I want to classify the singularity at $z=0$ of the function
$$f(z)=\frac{z^2}{1-\cos z}$$
My book says, the answer is pole.
I know that the options are either, it could be a isolated removable singularity, a pole, or an essential singularity.
But here is what I thought; the limit as $z$ goes to $ 0$ is clearly $2$ via L'Hospital rule, but my notes also say that p is a pole if the limit as we approach the absolute value of the function is infinity. So I am having trouble seeing why this is a pole.
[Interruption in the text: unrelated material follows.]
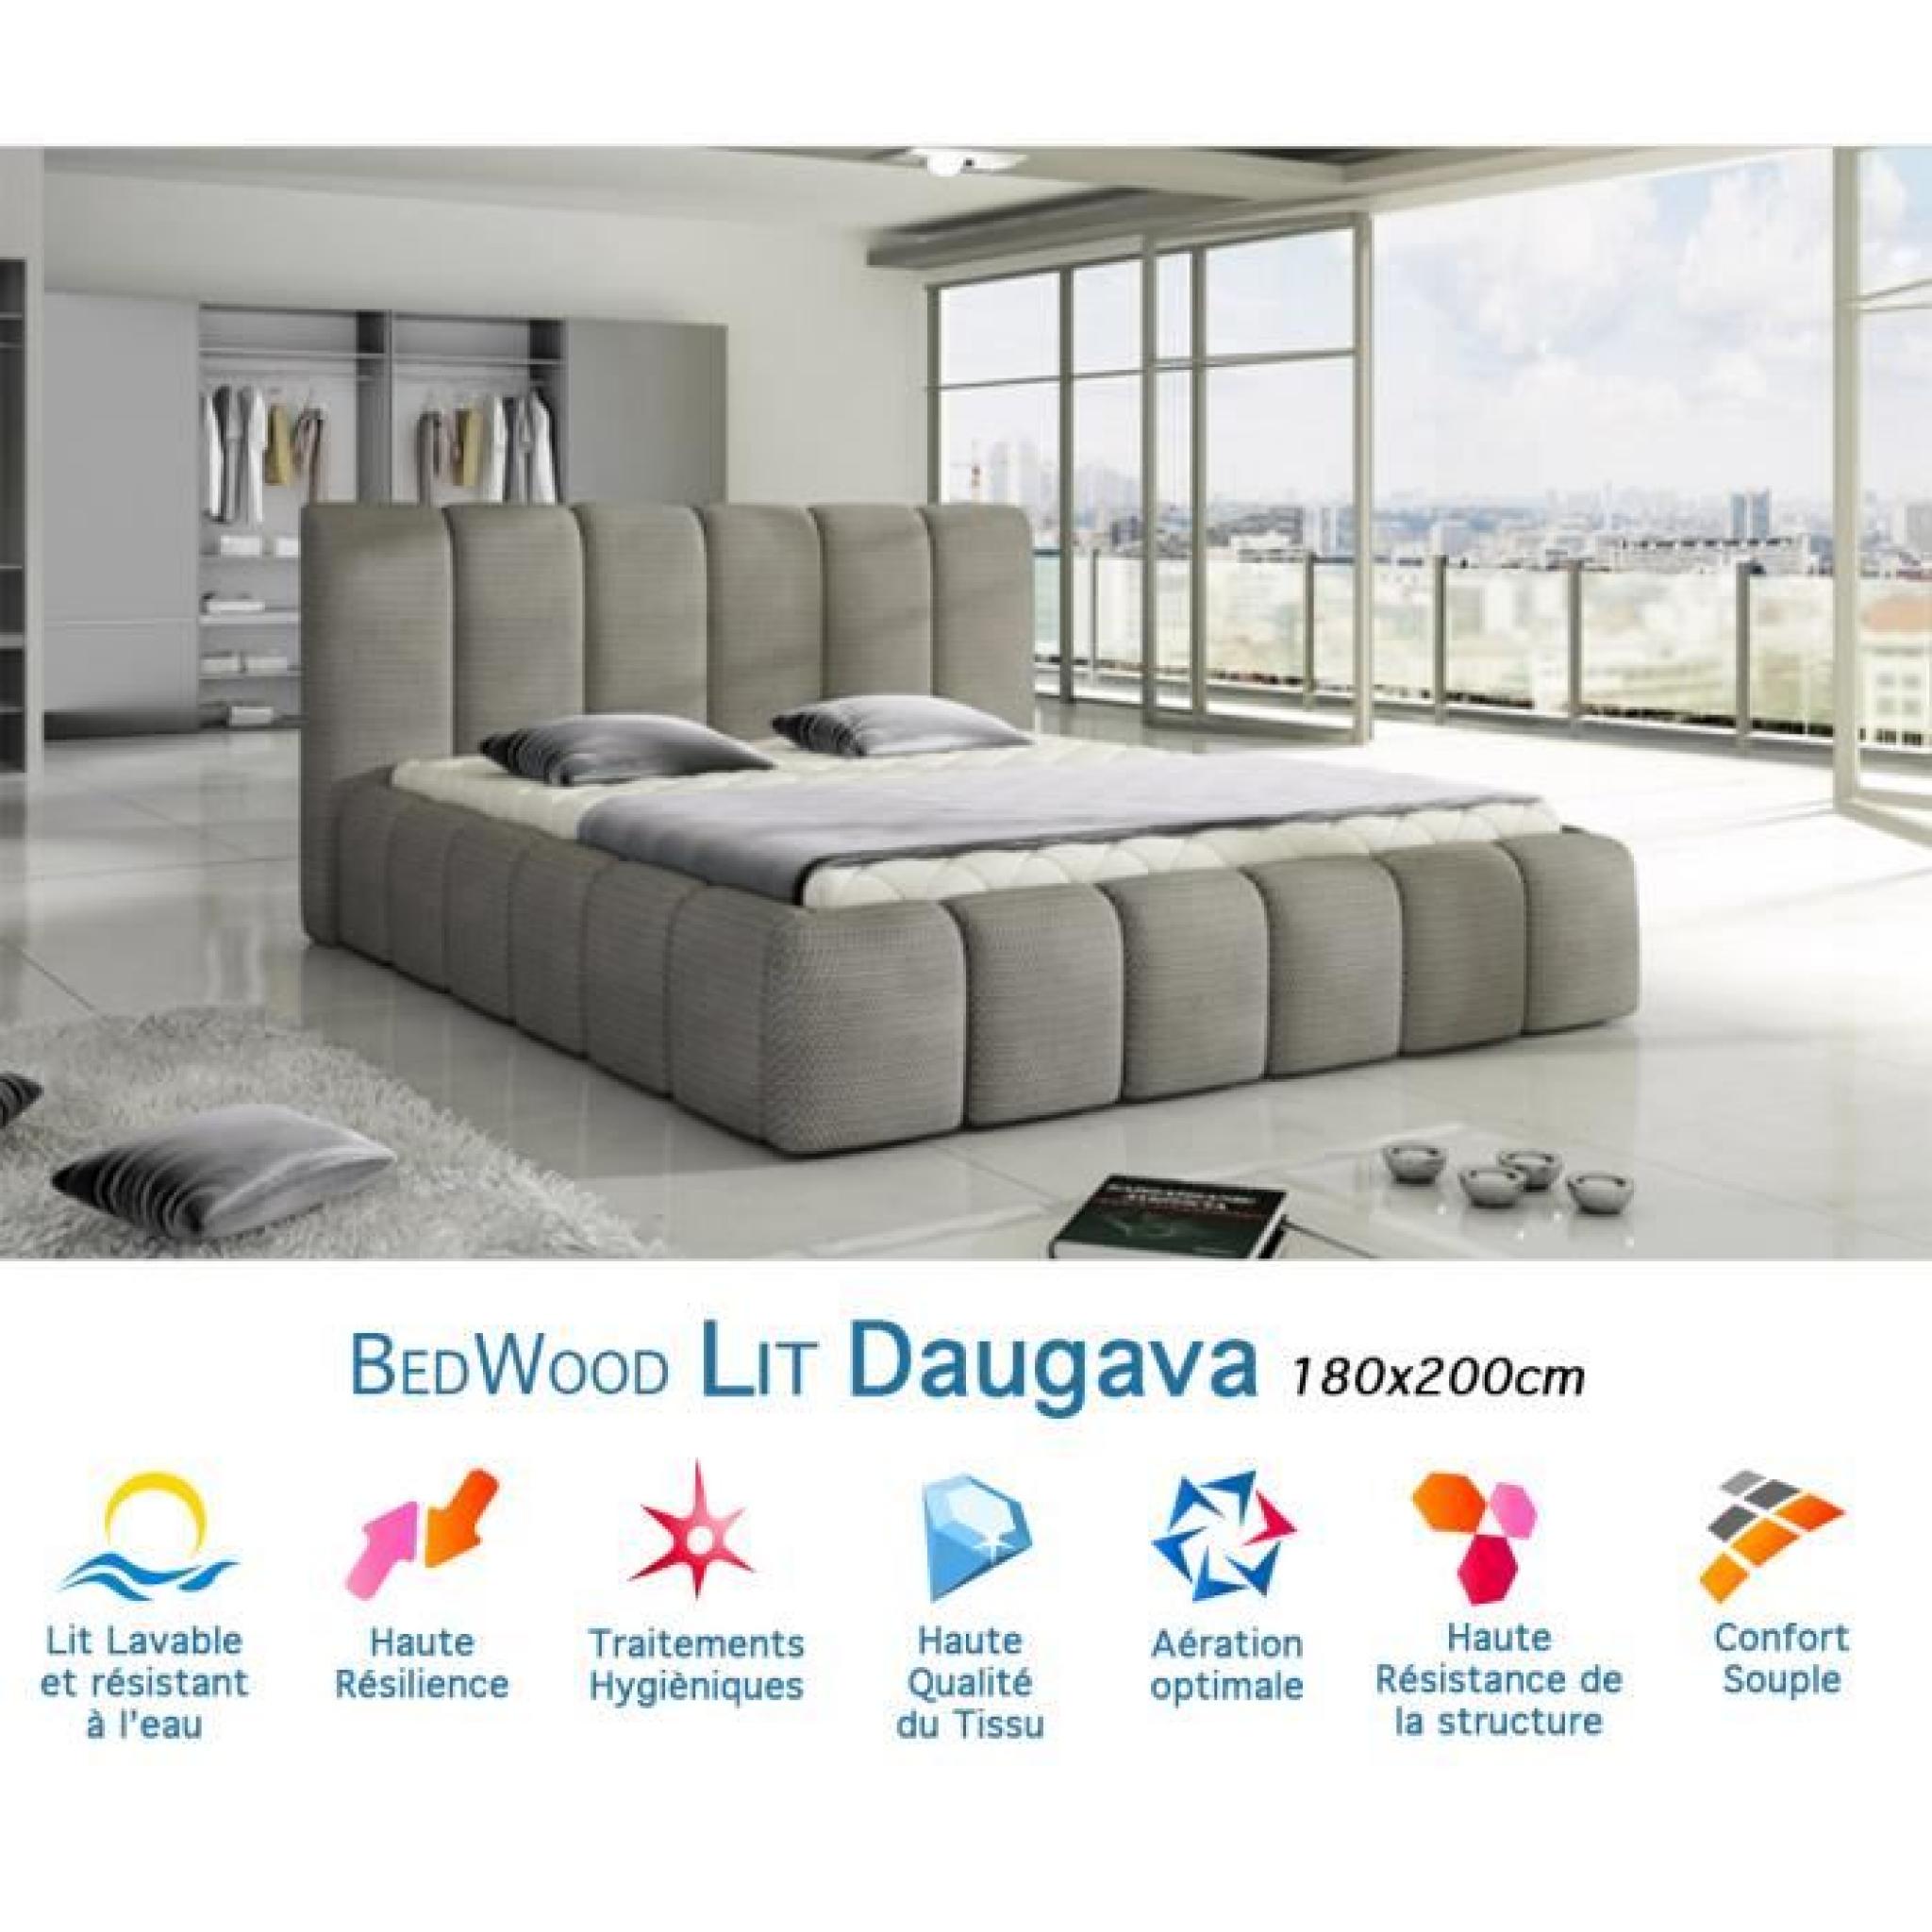 Lit Design Bedwood Daugava 180x200cm

On the other hand, since the limit is 2, there will certainly exist a $r>0$ such that $|f(z)| \le 2$ for all $z$ in the punctured disk around it.
So that leads me to believe that we are dealing with a removable singularity..
Is that correct? Or the book correct and I am missing something cruicial?
Thanks
Remember the power series expansion for $\cos(z)$:
$$\cos(z)=1-\frac{z^2}{2!}+\frac{z^4}{4!}+\cdots=\sum_{n=0}^\infty(-1)^n\frac{z^{2n}}{(2n)!}.$$
So plug into your function:
$$f(z)=\frac{z^2}{1-\cos(z)}=\frac{z^2}{1-(1-\frac{z^2}{2!}+\frac{z^4}{4!}+\cdots)}=\frac{1}{\frac{1}{2!}-\frac{z^2}{4!}+\frac{z^4}{6!}+\cdots}$$
So it is easier to see now that $z=0$ is not a pole of $f(z)$ but a removable singularity with $\lim_{z\to0}f(z)=\frac{1}{1/2!}=2$, as you calculated.